What’s in Your Toolbox?

All recruit firefighters receive a toolbox when they come on the job, whether they are paid or volunteer. It is our bag of tricks or, in this case, our learning foundation and experiential resources that keep us effective.

Intuition

We collect tools for our toolbox from what we learn in recruit school and on the job at the firehouse during daily drills and incident scenes. As our experience grows, we eventually add another tool to our toolbox, intuition. This comes with time, experience, and maturity, but only if you are in sync with your intuition and actually listen when it speaks to you. This is the little voice inside that all of us have. Trust your intuition! It’s always right.

Influencing Factors

Over time, a number of factors influence our toolbox including people (co-workers, friends, officers, supervisors, the public, and so forth), what you’ve seen that works and doesn’t work (trial and error; most lessons learned come from the latter), seminar and webinar presentations, trade books and magazines, the National Institute of Standards and Technology (NIST) and Underwriters Laboratories (UL) modern fire studies, the National Institute for Occupational Safety and Health (NIOSH) line-of-duty-death (LODD) investigations, higher level education, and other things you learn along the way. With so many influences, at times we can become confused and overwhelmed in trying to distinguish which influences are truly the ones we should pay attention to.

Our toolbox is our go-to bag. When something works, we tend to stick with it; if it worked once, likely it will work again. However, don’t get stuck in a rut applying the same strategy and tactics to every fire incident or automatically following a department’s culture of operational procedures and training, which may no longer meet today’s fireground requirements. Each fire requires us to do what is right for the call we are on.

Sure, we have standard operating procedures (SOPs) that provide a foundation from which to work—our starting point. Hopefully, you have researched, trained on, and reviewed and updated these SOPs periodically to ensure they provide consistent positive results in most cases for today’s fire challenges. Although SOPs may create a department’s standard practice, every fire is different, and we may need to call an audible from time to time to make and coordinate adjustments as our fire scene dictates. Make sure this information is communicated to all involved. When SOPs no longer meet current day standards on the fireground or anywhere else in our fire departments, we must revise or discontinue them or create new ones to keep them effective and efficient.

Some of the tools in our toolbox come from recognition primed decision making (RPDM), created by Dr. Gary Klein, Sources of Power: How People Make Decisions. As Gordon Graham, risk manager, describes it, “Consider your mind as a ‘hard drive.’ Your daily experiences help load this drive. Everything you do and experience is loaded into your hard drive.
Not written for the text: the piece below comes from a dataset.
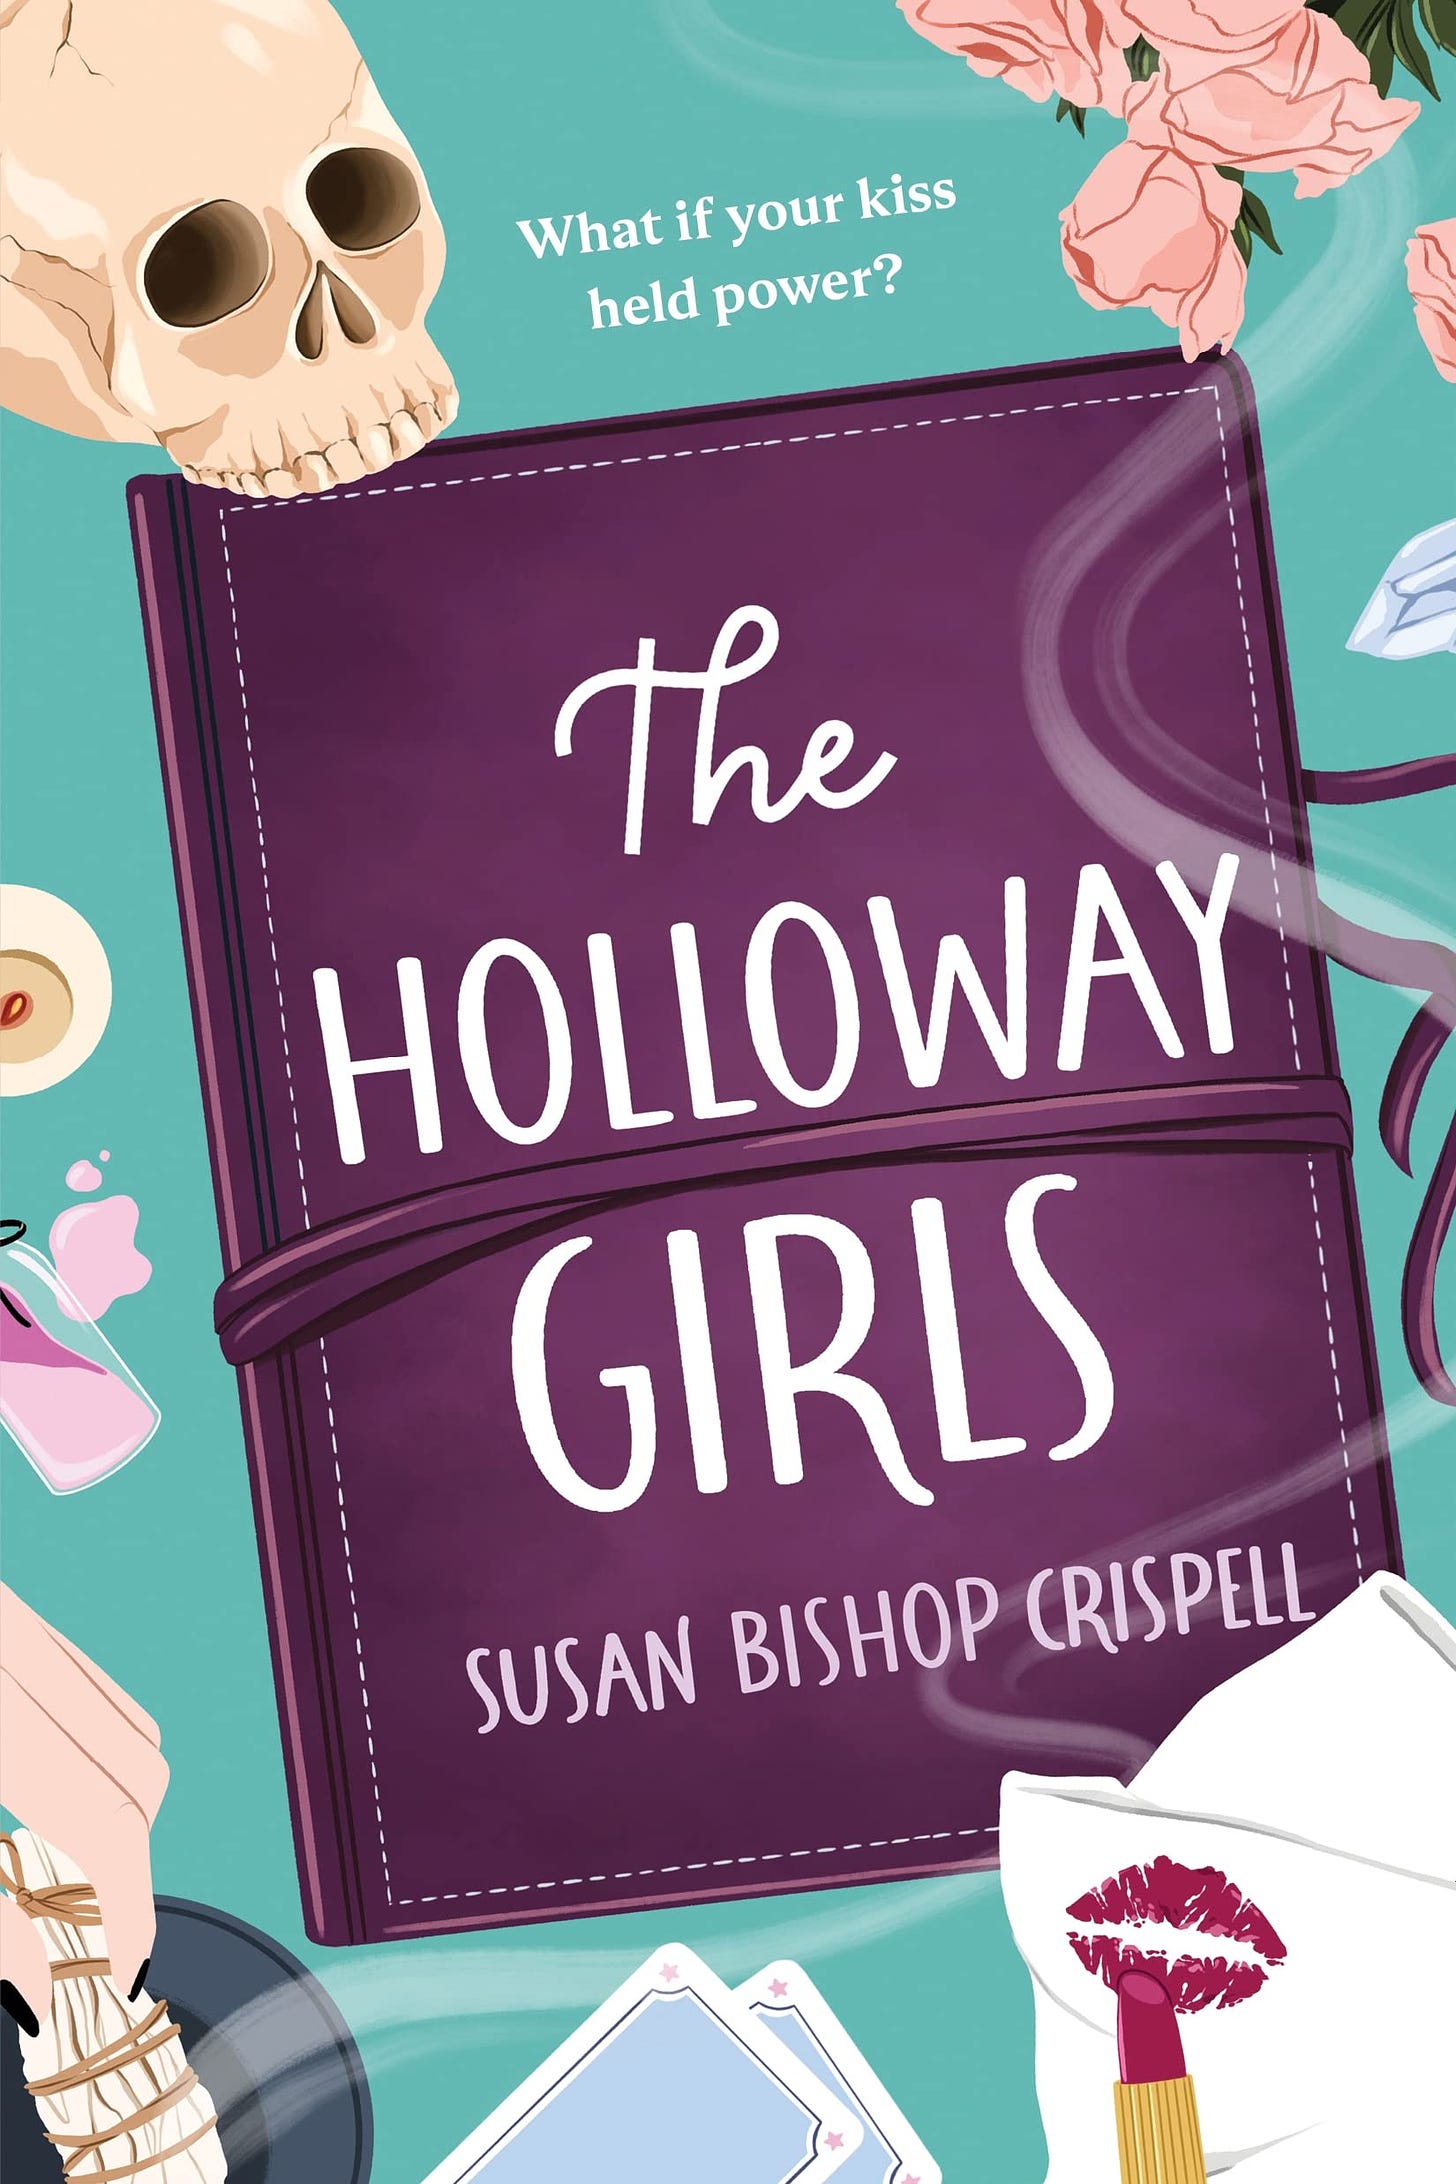 Amazon.com: The Holloway Girls: 9781728247144: Bishop Crispell, Susan: Books

When you get involved in any task or incident, your magnificent brain quickly scans your hard drive and looks for a close match.”

Experience

For instance, you learned that when you apply water to a vehicle’s burning engine compartment and it violently throws back blue sparks, you are dealing with a magnesium fire. This requires cautious cooling with water, then final extinguishment with a dry chemical extinguisher or special purpose extinguisher for metal fires. You don’t forget this if you’ve experienced it yourself.

Good Information, Good Calls

If you feed good information into your hard drive, you will generally help to ensure you make the right calls on incident scenes. However, when you face an incident you’ve never experienced before, you will have to fall back on your SOPs, knowledge, experience, and intuition to determine how you will mitigate it. Proceed with caution since you are in unknown territory and are more vulnerable to unknown safety hazards.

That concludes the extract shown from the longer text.